What many fans seem to forget, though, is that Eunhyuk and Donghae are real people who are entitled to define their own relationship for themselves. To put it bluntly, I think it’s kind of horrible that Eunhyuk and Donghae can’t have a normal friendship without awkwardly knowing that thousands of fans throughout the globe think that they’re screwing each other every night. Considering the hectic and chaotic celebrity environment in which they work and live, K-pop stars already have a hard enough time forming healthy relationships with other people. The mere existence of shipping culture only serves to further distort these relationships. And it certainly doesn’t help that fans take some sort of sick pleasure in shoving their preferred OTPs in the faces of their idols, regardless of the appropriateness of the situation. (YunJae fans post-DBSK breakup, anyone?)

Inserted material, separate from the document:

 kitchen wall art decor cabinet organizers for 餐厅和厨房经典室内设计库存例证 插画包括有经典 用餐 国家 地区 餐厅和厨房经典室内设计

The reason why I’m coming down so hard on shipping culture is because it’s a lot more harmful than what most fans seem to think. Imagine if your friends were constantly and unrelentingly pushing you to go out with one of your other friends, even though you have absolutely no feelings for that friend. Imagine if the friends of the friend in question were doing the same thing. What would become of the relationship between the two of you? Granted, there’s a slim chance that this pressure might help the two of you realize that you are actually soulmates and you end up getting married and living happily ever after together. But more oftentimes than not, the pressure from these friends will effectively ruin your relationship. Multiply those “friends” by a million and throw in the romantically skewed nature of the entertainment industry, and you’ve got shipping culture defined to a T. I’m not one to speak on behalf of every K-pop artist who’s ever been “shipped,” but there’s got to be some harm done when a friendship between two people is being forcibly manipulated and skewed by magnanimous outside forces for the sake of fulfilling a fan’s fantasy.

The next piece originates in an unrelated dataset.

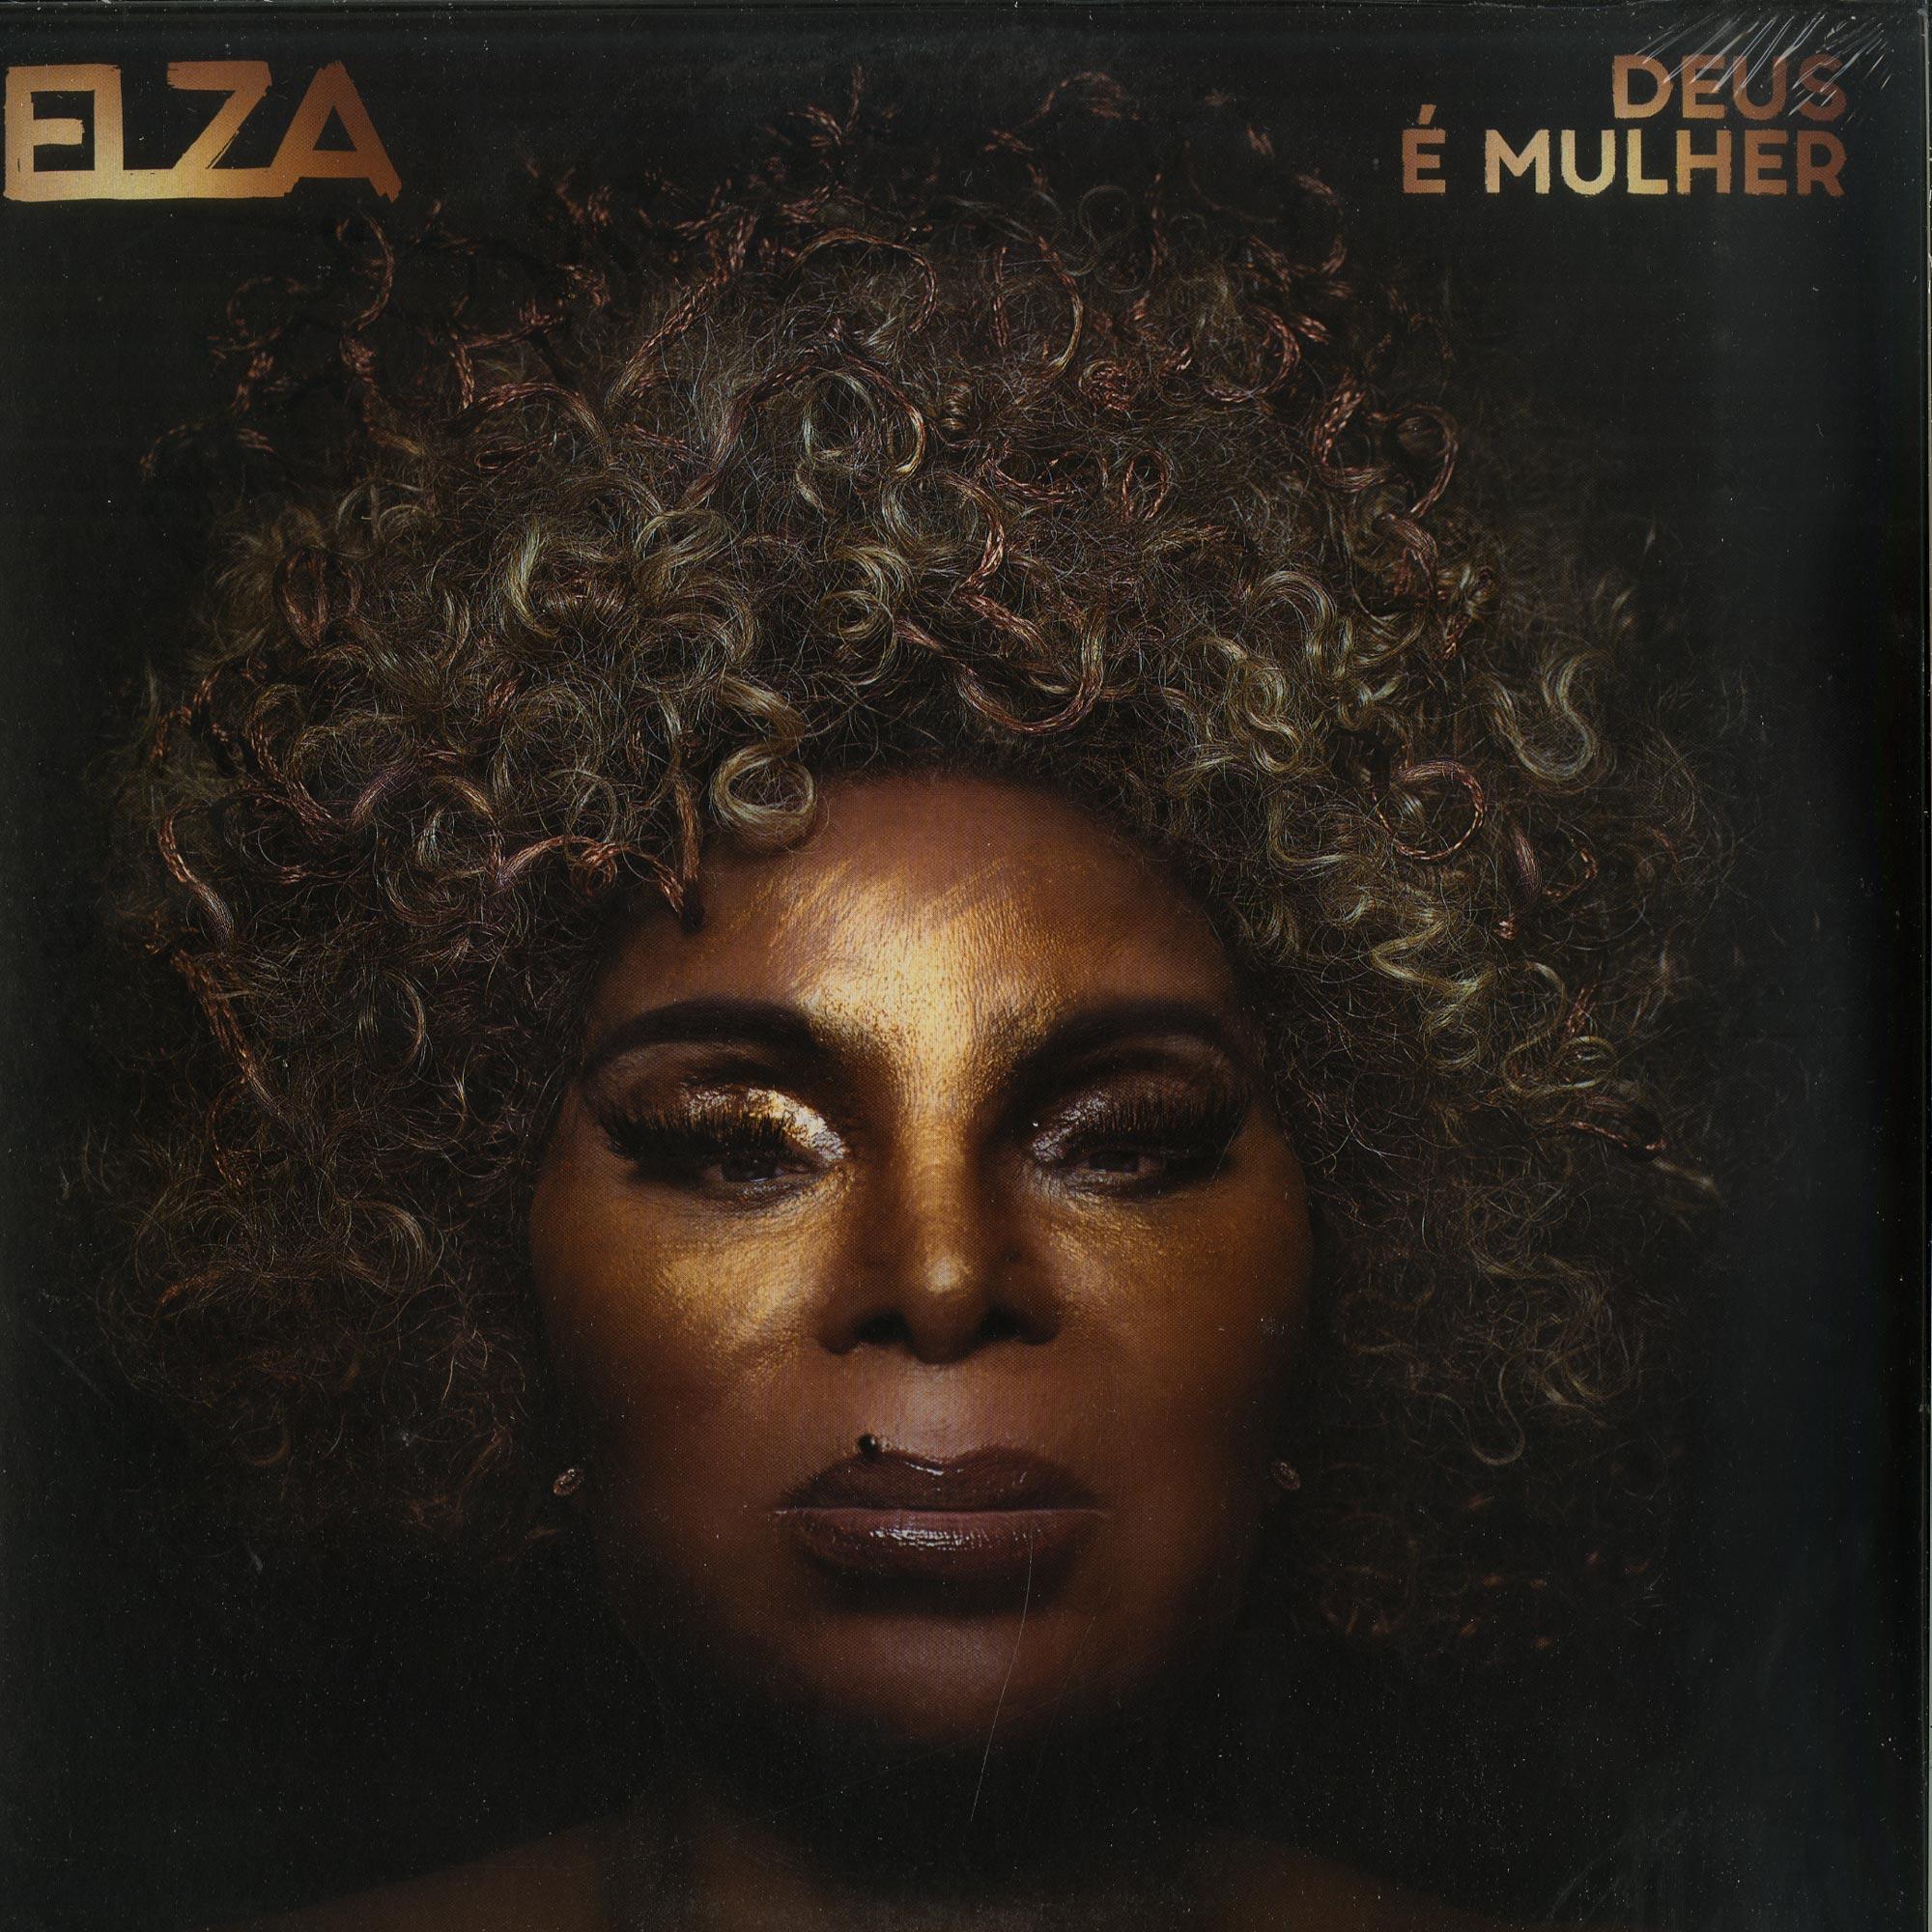 Elza Soares - DEUS E MULHER

Granted, the institution of shipping forms the base of K-pop fanfic culture, which has produced many beautiful works of writing and serves as a creative outlet for many fans. But it comes at a hidden price. Ultimately, shipping becomes a selfish and self-indulgent activity when real people with real feelings are the ones being manipulated for the sake of entertainment and fantasy. Shipping culture in K-pop has become so mainstream that it’s actually become a sellable commodity — the All About DBSK DVD sets have an entire disk dedicated to the various pairings within DBSK — and that’s an indication that things have already gotten way too far. Of course, shipping isn’t necessarily the worst thing that’s ever happened to K-pop, and it could be argued that “shipping” is merely another form of objectification inflicted upon K-pop idols. But the fact that very little seem to realize its potentially damaging effects makes it an extremely dangerous phenomenon in it of itself.